ROM Hack In need of a Hacker for text files of Tongari Boushi

InochiPM

Well-Known Member
OP
Newcomer
Joined
Apr 23, 2019
Messages
57
Trophies
0
Age
28
Location
Kentucky, USA
Website
www.mackne.net
XP
543
Country
United States
Hey guys, so i'm in need of a hacker to help me with these text files for Tongari Boushi.
They are basically script files that house a lot of text all in UTF16-LE and separated weirdly for the message files.
Being as its UTF16-LE it has to be edited with pointers or some kind of tool from what i have looked up and in that case i would need a hacker to help me with that as i have no knowledge of pointers what so ever.

Theres only a few files with text in the game and some of them need to be edited in just such a way that they fit correctly inside the bounds of the text box.
If ANYONE would like to help me out please do not hesitate to DM me on here or reply to this thread as i'm severely behind in this games translation and would like to finally make headway in the project since the textures for the UI are all but finished.
 
  • Love
Reactions: HinaNaru Cutie

FAST6191

Techromancer
Editorial Team
Joined
Nov 21, 2005
Messages
34,116
Trophies
2
Website
trastindustries.com
XP
23,033
Country
United Kingdom
"pointers or some kind of tool"

OK... fair bit of ground to cover it seems. Whether it is UTF16, ASCII, EBCDIC, ShiftJIS, EUCJP or completely custom text encoding (most games ever, and even more so if you count limitations and custom aspects) matters little, if at all.

Pointers are common in the vast majority of games on any system.
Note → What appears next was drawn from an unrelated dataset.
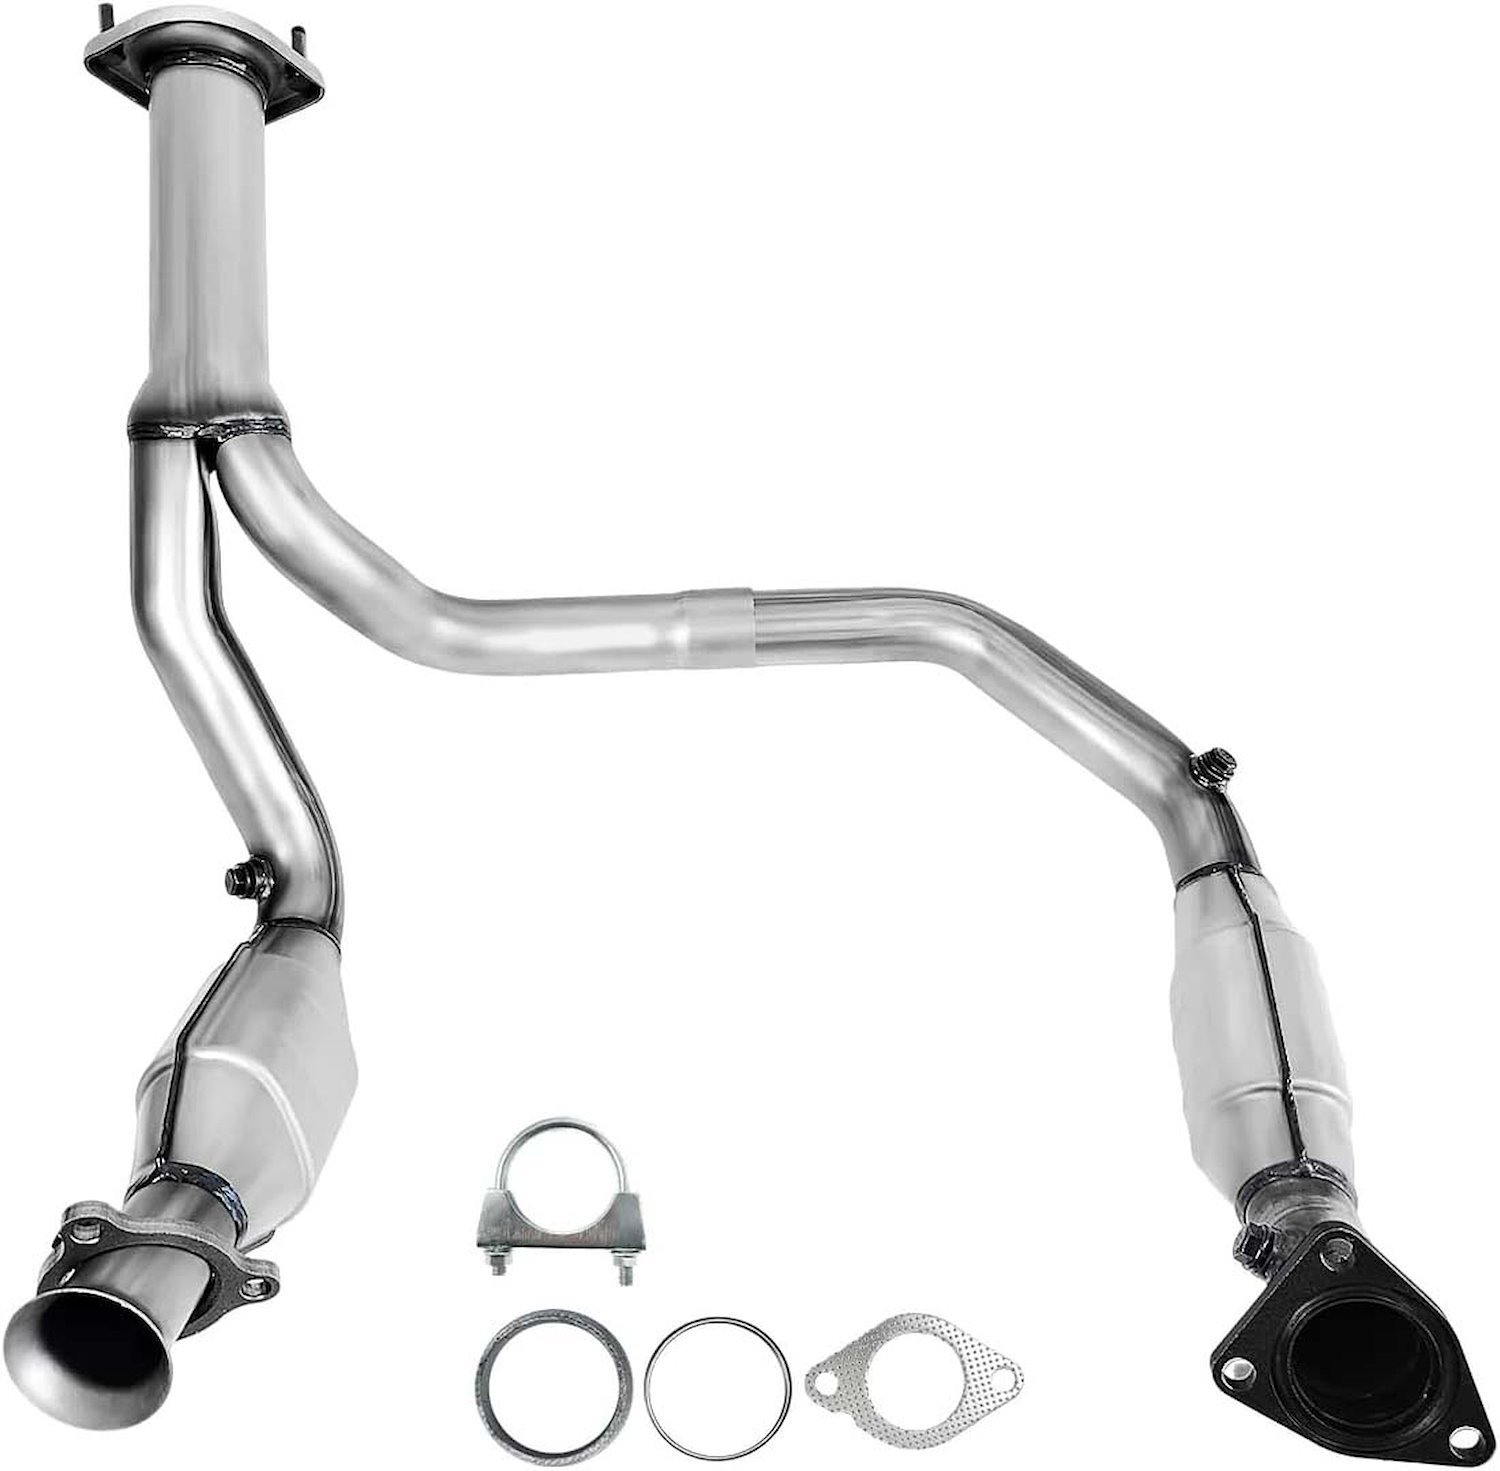 Catalytic Converter Fits 2009 Cadillac Escalade, Select 2007-2010 Chevy & GMC Truck & SUV Models w/4.8L, 5.3L & 6.0L V8 [Front]

Fully parsed text and fixed length stuff is rare and usually only specific circumstances (menus being the most common there).
Pointers are much like the contents page of a book in that they are lists of locations where you can find things. If you add or remove content then everything following that ends up in a new place and your contents page (pointer list) is not going to work. Same thing for games when you increase of decrease sentence length (almost an inevitability in translation, and even when not the results are usually clunky).
Pointers are annoying to edit by hand with the potential for mistakes rising massively the longer things get (can you imagine going through counting pages for new contents by hand?) so yeah most people do build tools of some form or have more automated methods. This can be anything from fiddling with a hex editor search function, through spreadsheets, to programmable tool (see stuff like atlas and cartographer) to automated tool to nice text editor with UI and everything (various pokemon games providing I don't want to say nice examples as many of those cause more hassle than they are worth but yeah).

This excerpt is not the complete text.